Developing With Rust and the Raspberry Pi Pico

Harnessing the Power of Rust for Microcontroller Projects with the Raspberry Pi Pico

Introduction

The Internet of Things (IoT) and microcontroller development are areas that bring great opportunities for creators, letting you interact with the physical world in new and imaginative ways. Rust, as a programming language, brings its own strengths to the table, such as speed and safety, which are essential for turning a good idea into a working IoT product.

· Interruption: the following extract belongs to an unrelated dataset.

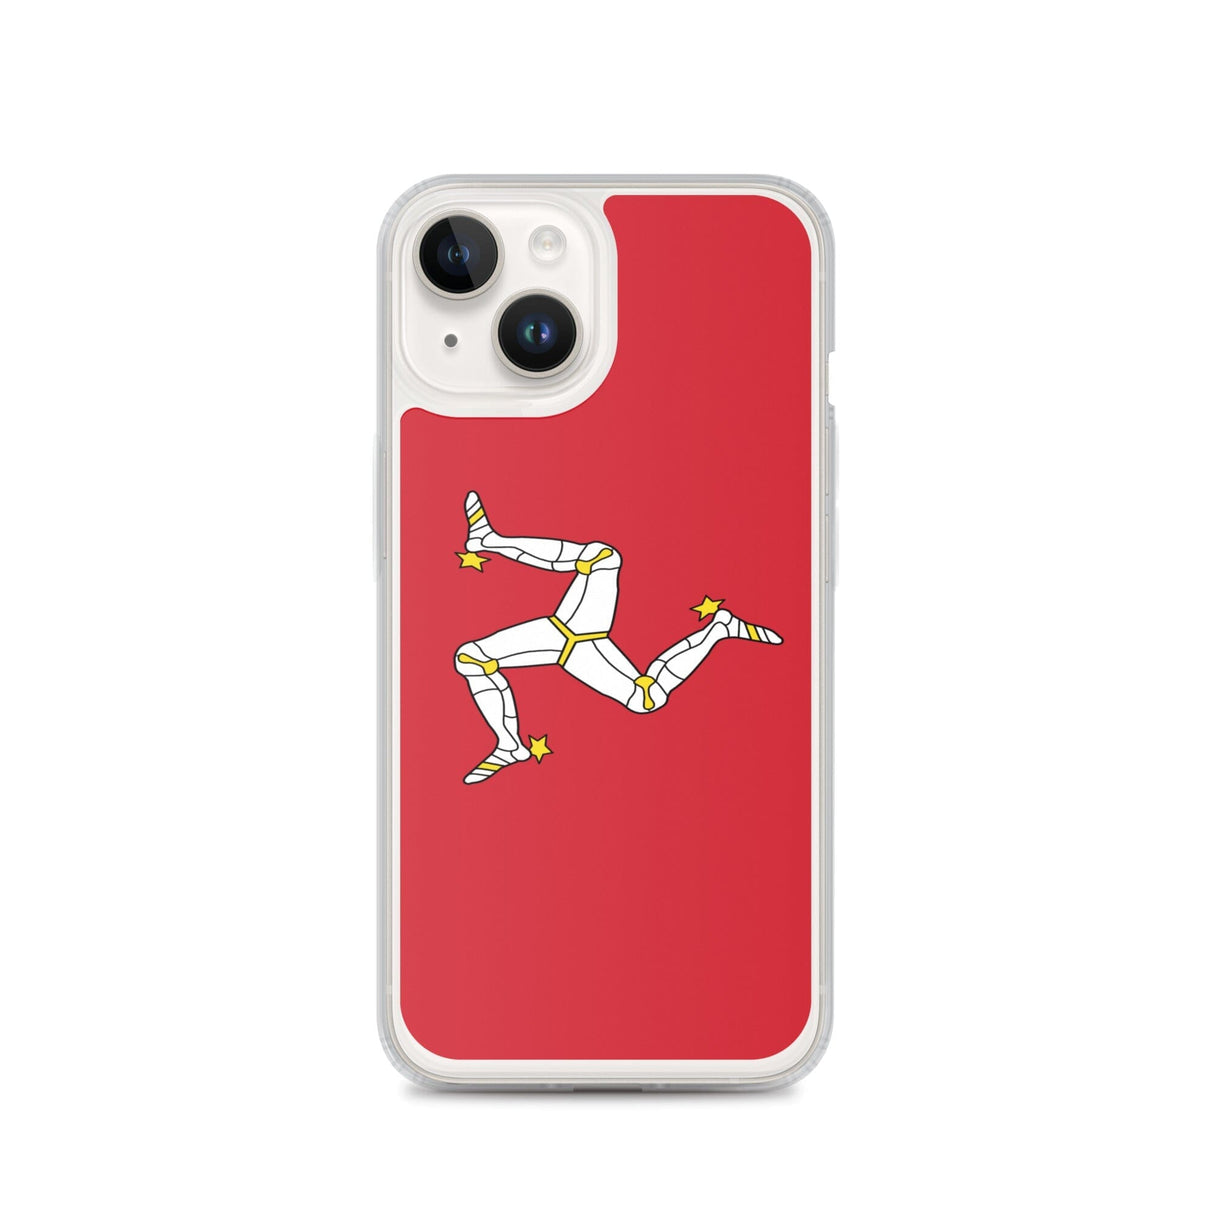 Isle of Man Flag iPhone Case - Pixelforma

This guide is all about getting you up and running quickly with a Rust project on the Raspberry Pi Pico. It will show you how to set up your project, and lead you through the practical steps of flashing and debugging your code with the Raspberry Debug Probe. It’s a straightforward path to bringing your IoT project to life.

rpi-pico

Prerequisites

Prepare your environment, and let’s dive into the exciting world of Rust and the Raspberry Pi Pico. We have leverage the rp2040 HAL (Hardware Abstraction Layer) with the rp-pico BSP (Board Support Package), which abstracts the complexities of the RP2040 microcontroller.

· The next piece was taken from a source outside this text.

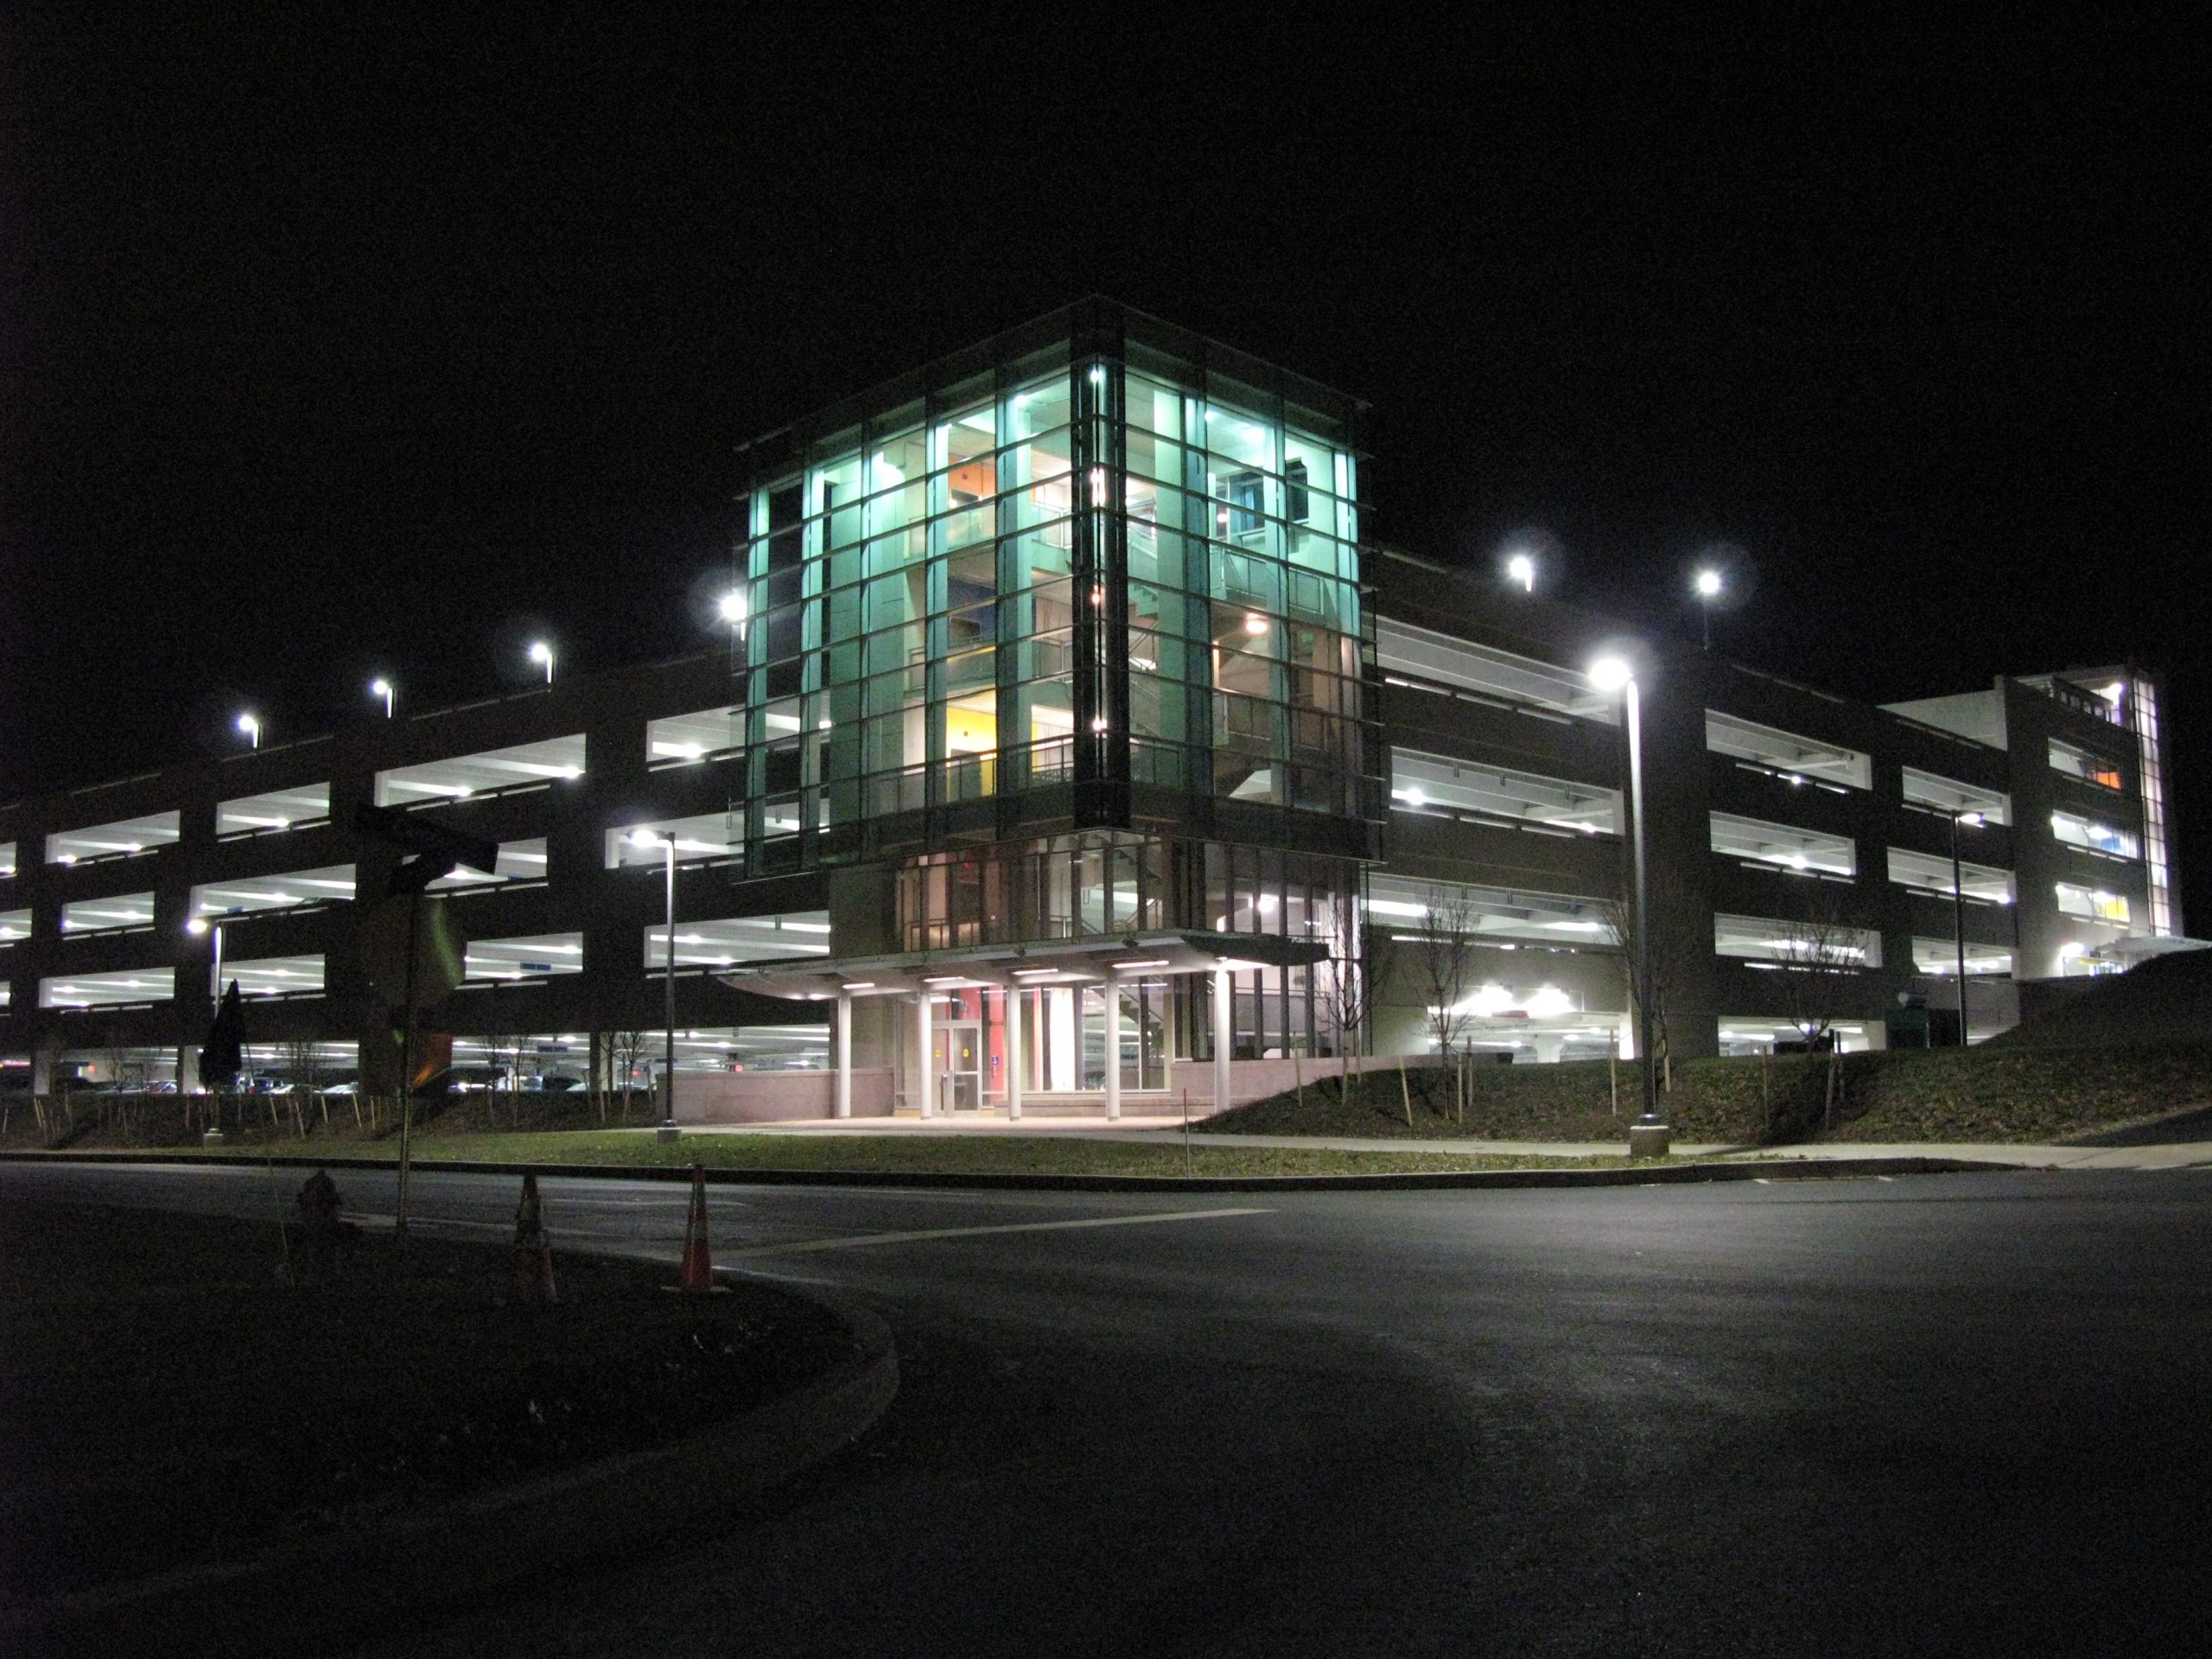 Hershey Medical Center Parking Garage

Ensure Rust and Cargo are installed on your development machine. Follow the official installation instructions.
Obtain a Raspberry Pi Pico board RP2040 to complete this project.
Acquire the Raspberry Pi Debug Probe for a streamlined development process.
This project can be executed from various platforms, including Raspberry Pi 4, Windows PC, macOS, or Linux. A Raspberry Pi 4 is used in this guide.

Getting Started

Setting up an embedded Rust project for the Raspberry Pi Pico involves 3 general steps:

1. Environment Preparation

Hardware Setup: Connect the Raspberry Debug Probe to the Raspberry Pi Pico as outlined in the Raspberry Pi Debug Probe documentation.

Wiring Guide
Development Environment Setup: Verify Rust and Cargo installations with rustc --version.

2. Debug Probe and SWD Connection Configuration

Install the necessary tools for deployment and debugging.

sudo apt install libssl-dev libudev-dev openocd gdb-multiarch
rustup self update
rustup update stable
rustup target add thumbv6m-none-eabi

Test the debug probe connectivity.

sudo openocd -f interface/cmsis-dap.cfg -f target/rp2040.cfg -c "adapter speed 5000"

Configure udev rules to allow non-root access to the Raspberry Pi Debug Probe. For a detailed guide, see Getting Started with Rust on a Raspberry Pi Pico.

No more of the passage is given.